Only unidirectional signal transmission can be performed in half-duplex transmission, and bidirectional signal transmission can be performed in full-duplex transmission. Therefore, signal transmission efficiency of the full-duplex transmission is extremely high. From a perspective of a physical layer, compared with the half-duplex transmission, a system throughput of the full-duplex transmission is doubled. The full-duplex transmission also has innovative impact on design of Media Access Control (MAC) such that a future wireless communications system can obtain a higher throughput.
Half-duplex transmission is mainly used in a current wireless communications system such as a WI-FI system or a Long Term Evolution (LTE) system. Signal sending and receiving cannot be simultaneously performed on a same time-frequency resource in the half-duplex transmission. In the other approaches, a full-duplex transmission method used in a WI-FI system is described, and signal sending and receiving can be simultaneously performed on a same channel in the WI-FI system. Because WI-FI transmission may occupy the entire channel, and does not need frequency multiplexing, resource allocation is fixed, and user equipment needs little time to prepare to transmit a signal. Therefore, after detecting or receiving some preambles, the WI-FI system can immediately transmit a signal in order to implement full-duplex transmission.
However, the foregoing full-duplex transmission solution is applicable to only the WI-FI system, and is inapplicable to an LTE system that needs frequency multiplexing, because resource allocation in the LTE system needs to be dynamically determined, and user equipment needs to perform rate matching according to a size of an obtained transport block. Compared with the WI-FI system, in the LTE system, the user equipment needs more time for resource configuration. In a frequency division duplex (FDD) mode in a current LTE system, for uplink scheduling, a base station sends uplink scheduling information to user equipment four milliseconds (ms) earlier, and for downlink scheduling, the user equipment needs to obtain in advance scheduling-related information from the base station, for example, a channel state indication (CSI), a cache size, and a scheduling resource.

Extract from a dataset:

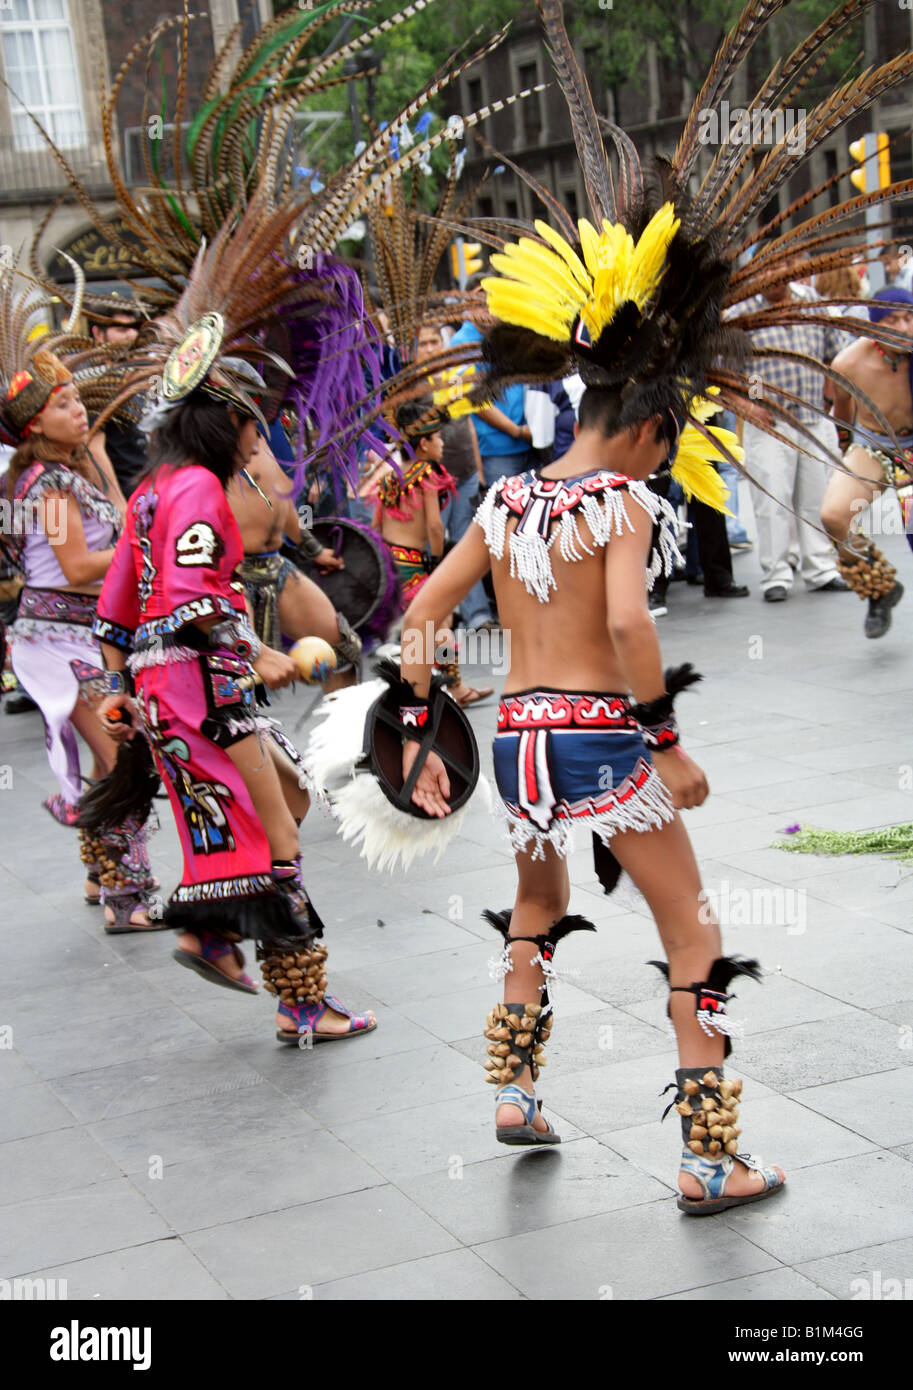 Young Mexican Dancers in Aztec Costume, Zocalo Square, Plaza de la Constitucion, Mexico City, Mexico Stock Photo

Downlink scheduling information and downlink data may be transmitted in a same subframe. A scheduling process in the FDD mode may be applied to the LTE system to implement full-duplex transmission. For example, n is a natural number. In an (n−4)th subframe, the base station sends uplink scheduling information for transmitting an uplink channel in an nth subframe, and the base station transmits downlink scheduling information in the nth subframe at the same time. In this way, the user equipment can simultaneously perform signal sending and receiving in the nth subframe.
In the described full-duplex transmission solution implemented in the LTE system, when sending the uplink scheduling information in the (n−4)th subframe, the base station is still unsure of whether there is also downlink transmission in the nth subframe for the same user equipment. In addition, there are different transmission power requirements for uplink transmission in the full-duplex transmission and that in the half-duplex transmission. As a result, the base station is unsure of whether there is a problem of self-interference cancellation in the uplink transmission in the nth subframe in the full-duplex transmission. Consequently, uplink channel power control in the nth subframe cannot be correctly set. Because imprecise power control results in intense self-interference, and the self-interference is hard to be canceled, downlink data is undetectable. Consequently, in the other approaches, in the full-duplex transmission implemented in the LTE system, a system gain is extremely low.